There will also likely be some form of additional tax on banks, something The Spectator called for last week. I understand that one change being floated is what would be, in effect, a windfall tax on financial institutions. It would be billed as an accountancy rule: any bank that has received state aid cannot write off old losses against tax. Osborne’s office is rightly concerned that banks will try to put their international losses through their London office, with a view to paying no British tax for years or more.
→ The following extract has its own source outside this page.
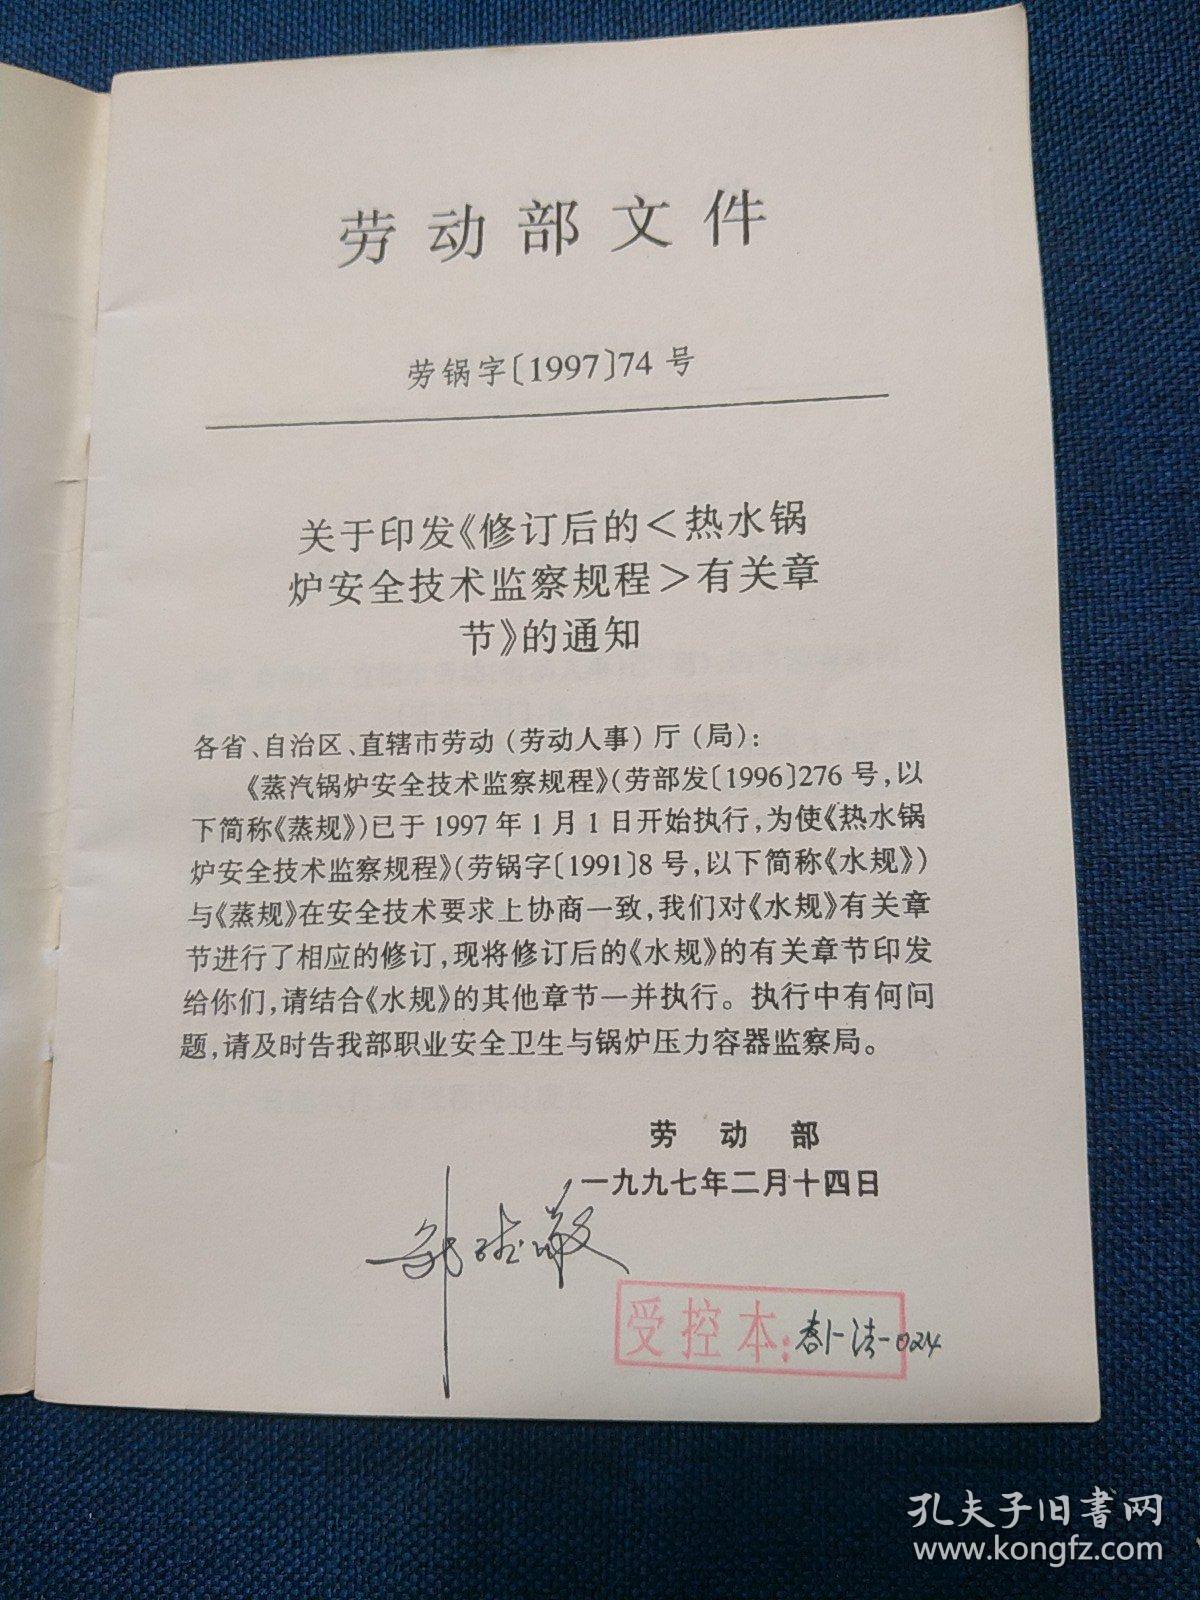 中华人民共和国劳动部
热水锅炉安全技术监察规程
(1997年修订版)

A simple rule outlawing any such manoeuvre — for the banks kept alive by taxpayers, at least — would allow the Exchequer to collect tax at the normal rate. Many banks will protest. But the Tories are every bit as ready for a fight with them as they are with the public sector unions. As one senior Tory adviser told me, ‘real change only comes when you take on the vested interests’.

The size of the black hole in the public finances — £175 billon — is such that even these measures wouldn’t make too much of a dent in it. The higher rate of VAT would only bring in not much more than £10 billion. If the Tories were to decide to fill the deficit with a 70:30 split between spending cuts and tax rises (the ratio being discussed by most Conservative-inclined economists) then far more work would need to be done. But a plan is under consideration that would see Britain start to grow its way out of the fiscal hole it is currently in.

Intriguingly, I understand that the truly bold measure in Osborne’s first Budget might be a significant tax cut. The Tories are already committed to reducing the main corporation tax rate for big business from 28 per cent to 25 per cent (the move is revenue neutral as various allowances will be scrapped as part of the package). But this might be only the start of plans sizably to reduce corporation tax, a move that would make the British economy far more globally competitive as well as spurring job creation, leading to an increase in a whole host of tax revenues.